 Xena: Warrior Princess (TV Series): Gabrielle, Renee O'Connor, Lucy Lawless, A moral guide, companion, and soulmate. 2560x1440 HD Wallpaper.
--
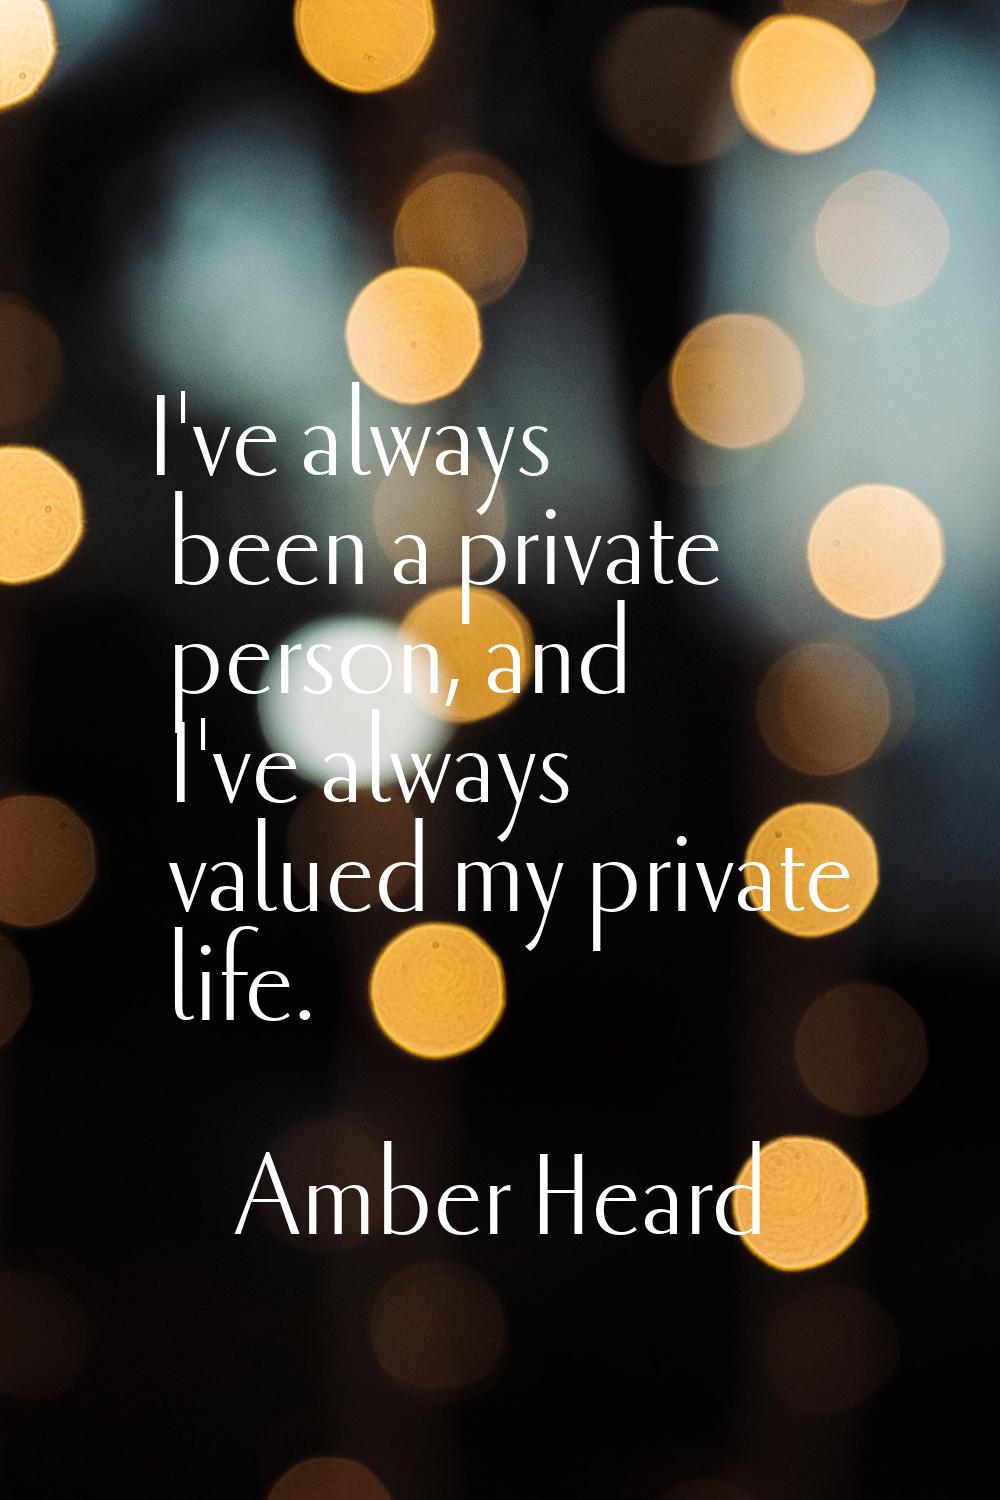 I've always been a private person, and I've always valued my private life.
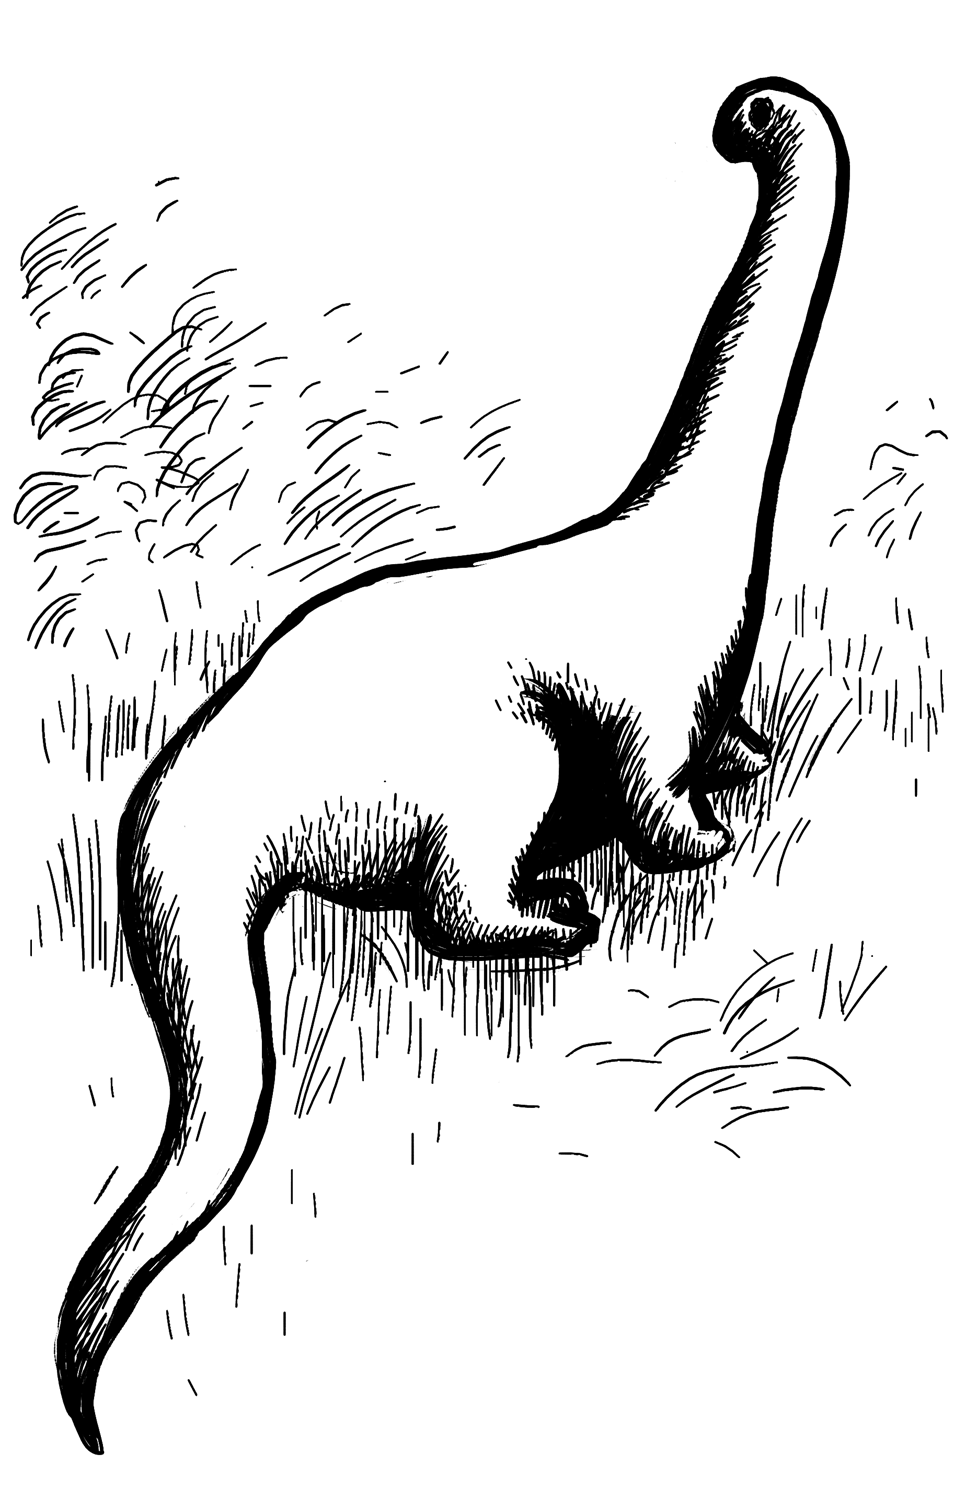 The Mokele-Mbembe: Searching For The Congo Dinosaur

**Task to carry out**:
Copy out the listing above from the line containing "I've always been" to the line containing "The Mokele-Mbembe: Searching", both included, exactly as written and minus the images.

**Worked solution**:
 I've always been a private person, and I've always valued my private life.
 The Mokele-Mbembe: Searching For The Congo Dinosaur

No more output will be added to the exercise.